Organization for Global Health (OGH)

The Organization for Global Health (OGH) is composed of students at the Stanford University School of Medicine who have come together with the desire to increase awareness of international health issues through educating at home and assisting abroad. 


  • To increase awareness of the issues in global health.
  • To facilitate participation in issues surrounding international health through travel fellowships and NGO networking.
  • To stimulate passion and interest through tangible community-initiated, community-centered projects abroad.

Medical Students Abroad

Whether helping devise new preventive strategies, gaining hands-on clinical experience or conducting field research, members of OGH are advocates for improved health care worldwide. 

Get involved

Contact the OGH Leadership to learn more about upcoming events and opportunities on campus. 

2016-2017 OGH Leadership


Carlie Arbaugh is a Stanford medical student passionate about addressing health disparities both locally and globally. She studied human biology, health, and society (with a focus on nutrition) at Cornell University and human sciences at the University of Oxford. Carlie has worked with nonprofits such as SMART (New York) and CAMI (California) as well as Weill Cornell/New York Presbyterian Hospital and Boston Children’s Hospital. At Stanford she is part of an interdisciplinary team partnering with ReSurge and Kirtipur Hospital to develop an acute burn care training program for healthcare providers in Nepal. Carlie loves running, cooking, learning languages, and exploring new places. She is excited to join the OGH leadership!

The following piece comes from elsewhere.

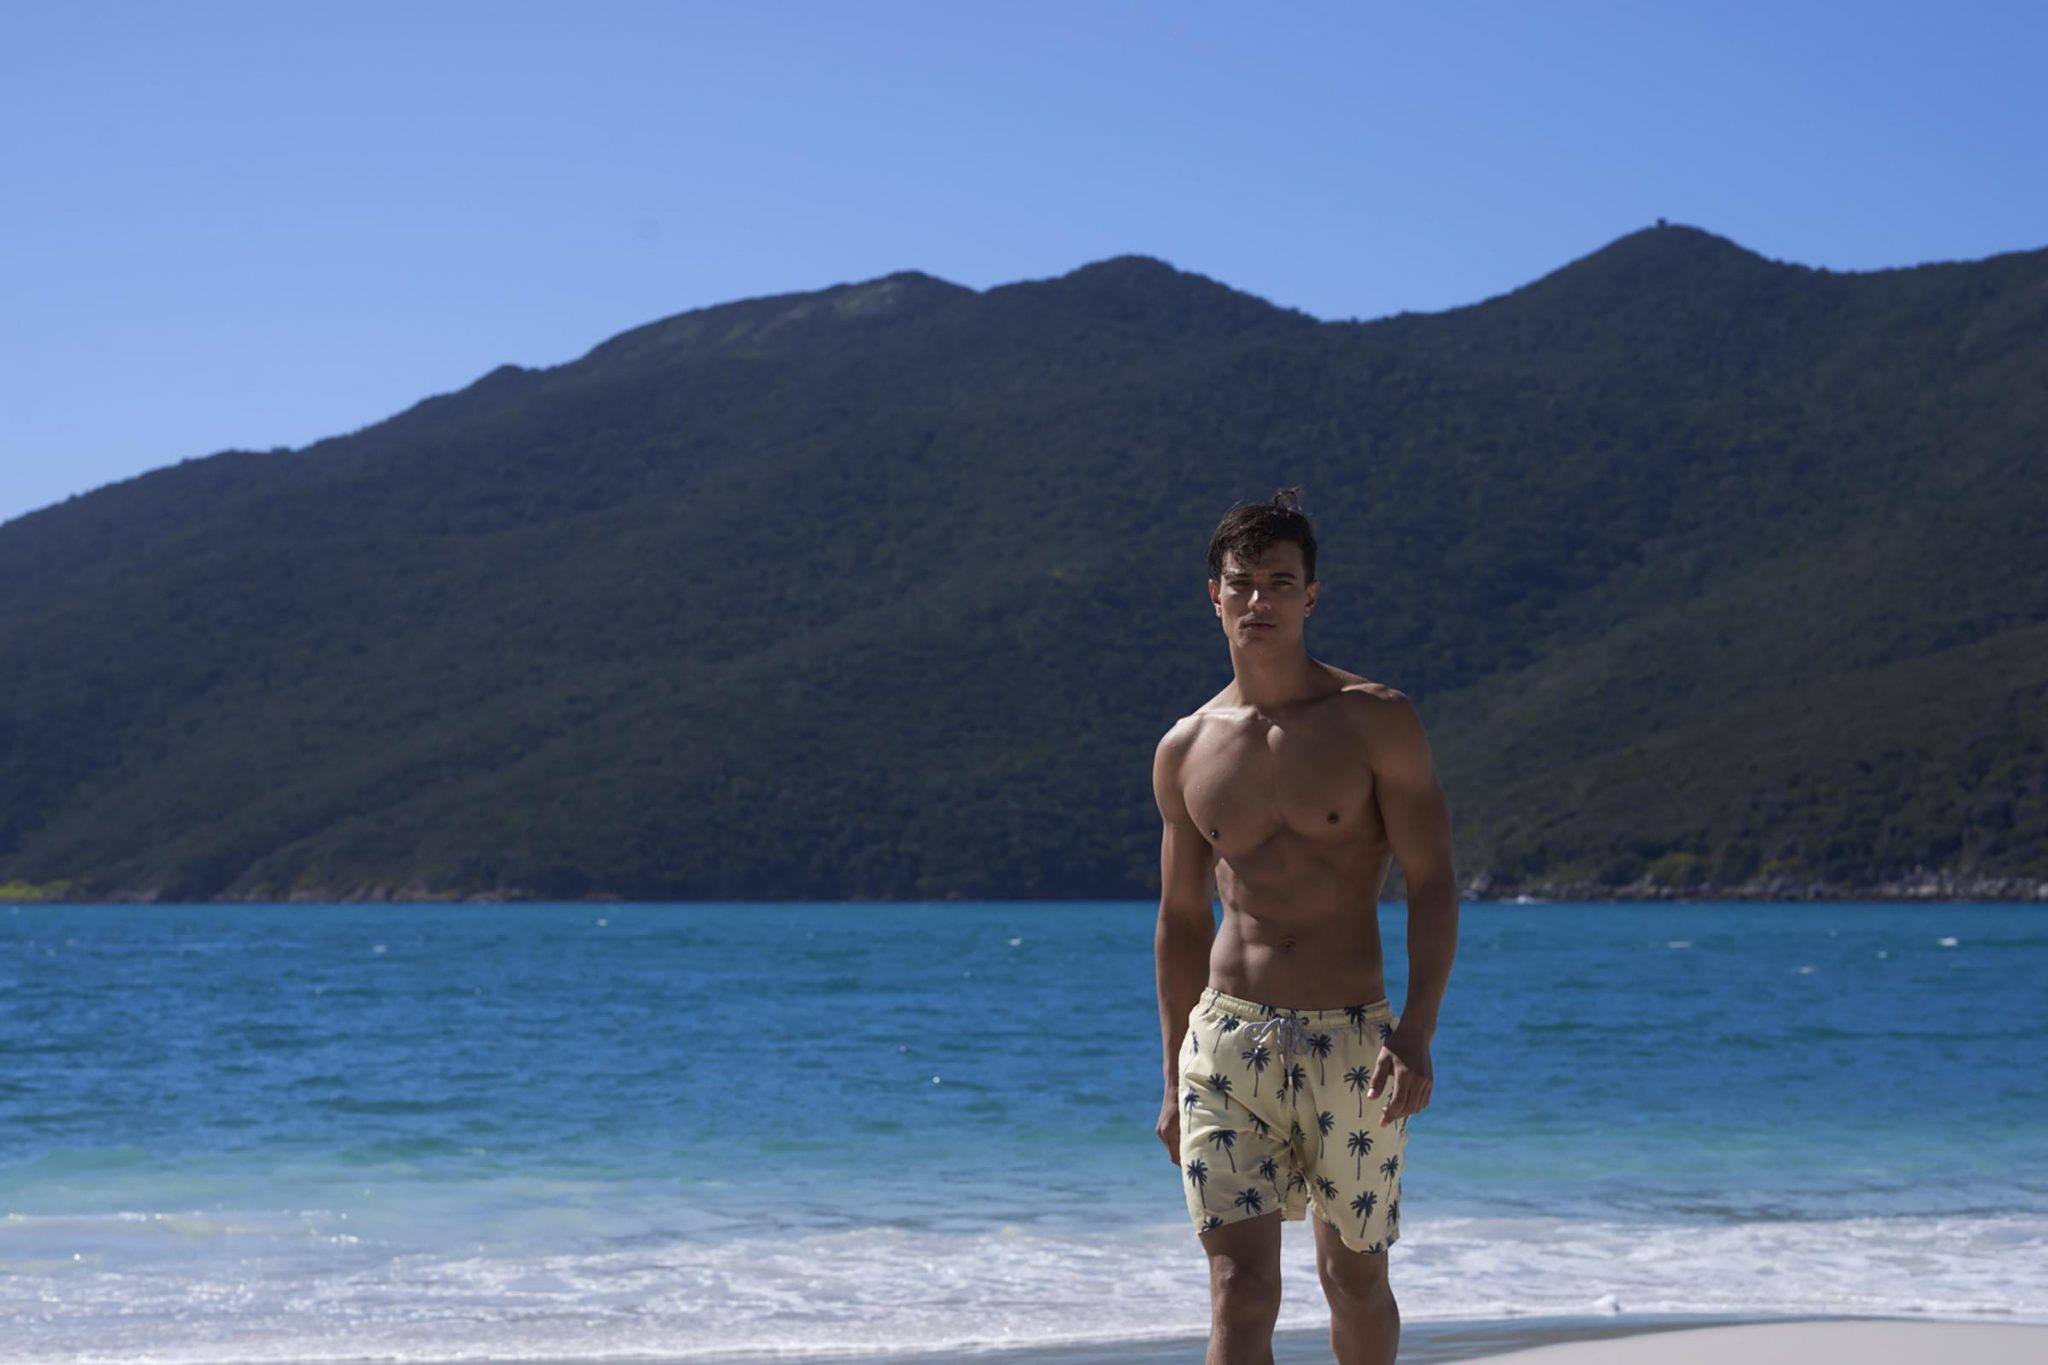 Sulevan Araujo by Chrystian Henrique for Catamaran and Brazilian Male Model

Tori (Victoria) Bawel is a Stanford medical student whose passion is to serve and advocate for vulnerable populations. She studied biochemistry at Washington University in St. Louis where she conducted research on the malaria parasite. As an undergraduate, Tori focused on issues affecting refugees, undocumented immigrants, and survivors of human trafficking. At Stanford, she is engaged in global health and infectious disease research. A defining experience for Tori was learning from Stanford physicians who are addressing child health in rural Guatemala. While in Guatemala, she engaged with the community and made new friends, including Fatima who is smiling for the picture!

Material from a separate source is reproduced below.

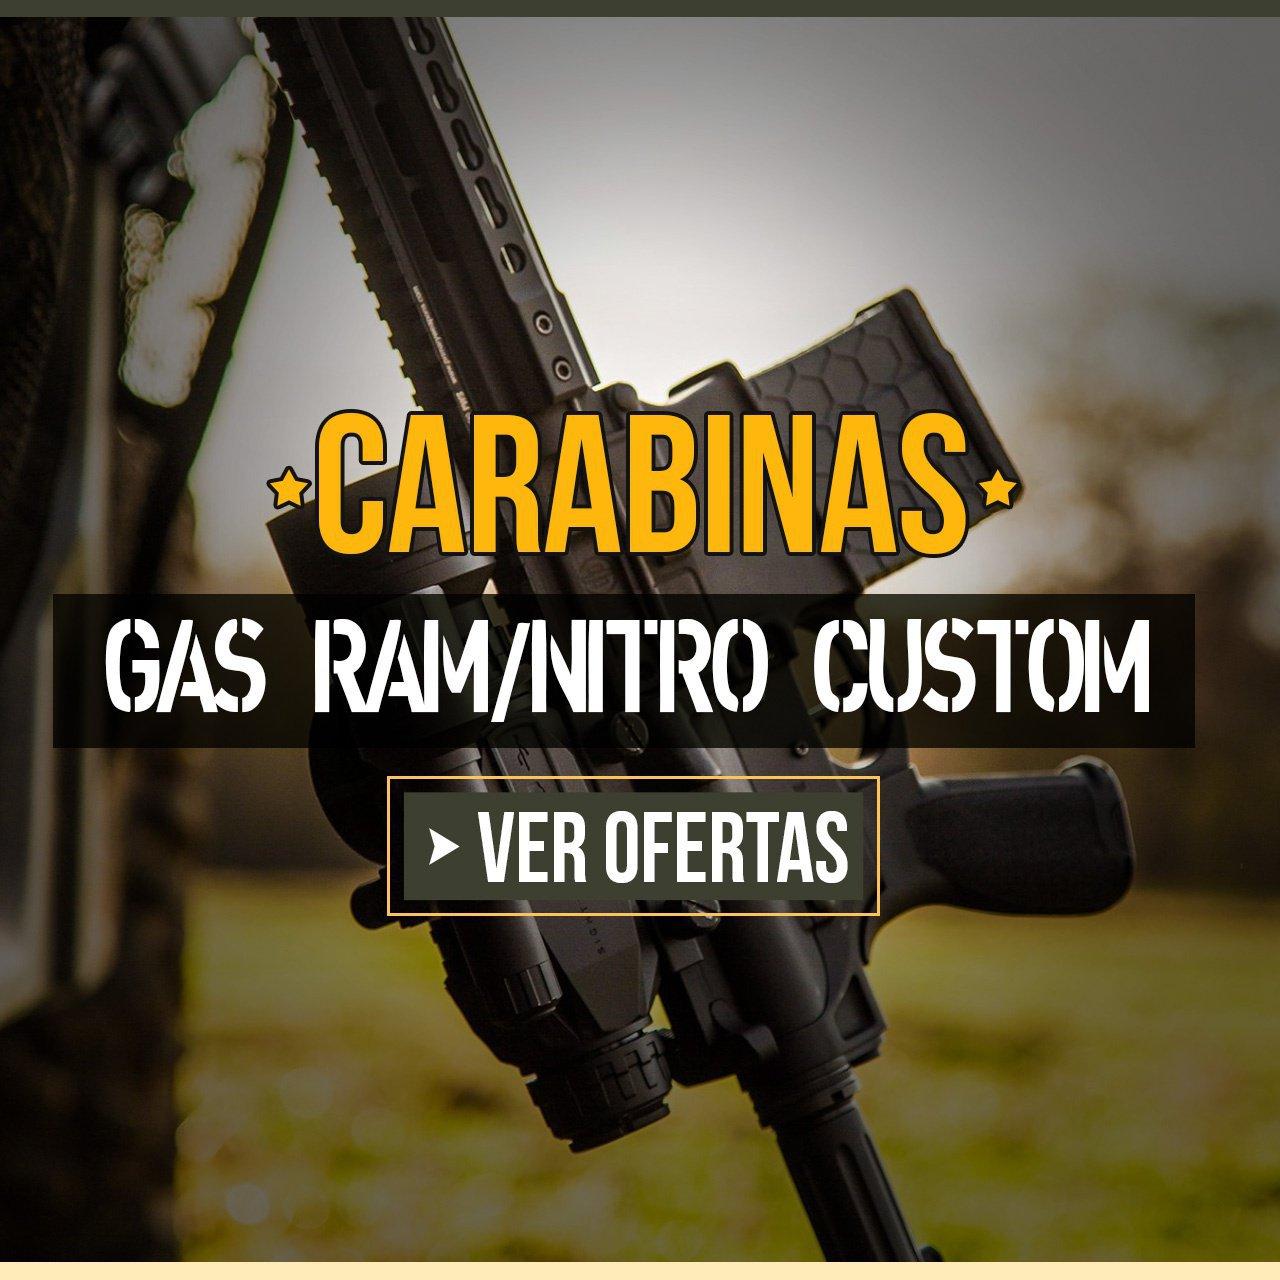 CARABINAS GAS RAM/NITRO CUSTOM

Elizabeth Hyde is a student at Stanford School of Medicine passionate about improving health equity. Before medical school, she studied Biomedical Engineering at the University of Michigan and focused on developing medical devices for use in low-resource settings. After graduation, she worked at the World Health Organization in Switzerland with the goal of increasing access to high-quality medical equipment in low- and middle-income countries. At Stanford, she pursues particular interests in global palliative care, emergency medicine, gender equality, and infectious diseases. In her down time, she loves traveling, rock climbing, arts and crafts, and learning new languages. She's looking forward to working with the OGH and CIGH teams!


Sarah McCuskee is a second-year student at Stanford Medical School and serves as Financial Officer for the Organization for Global Health. She aims to use population-based and clinical research grounded in an understanding of policy and economics to inform and promote healthy child development. She currently works on the epidemiology and treatment of child malnutrition in Madagascar, in partnership with PIVOT, a not-for-profit organization. She has previously researched child development, infectious diseases, health system equity, pharmaceutical policy, and global health ethics, and has advised governments on antimicrobial resistance, health system monitoring and evaluation, and national demography. This work has spanned a dozen countries and several institutions, most recently the London School of Economics (London, UK).

Sarah holds a master’s degree in Public Health from Cambridge University (Cambridge, UK) and a bachelor’s in Literature & Global Health from Harvard College (Cambridge, MA, USA). 


Xinyuan (Lisa) Zhang is a Stanford medical student from Beijing, China. She grew up experiencing, learning, and thinking about air pollution and other environmental impacts that are affecting the public health in China. She studied Environmental Policy as well as Biology at Washington University in St. Louis, and continues to have an interest in global health and health policy in her medical training and beyond. She is currently learning and working on a documentary film focusing on the structure and problems of palliative care in China, especially given the demographic shift due to One-Child Policy, as well as how Traditional Chinese Medicine could play a role in maintaining quality of life for palliative care.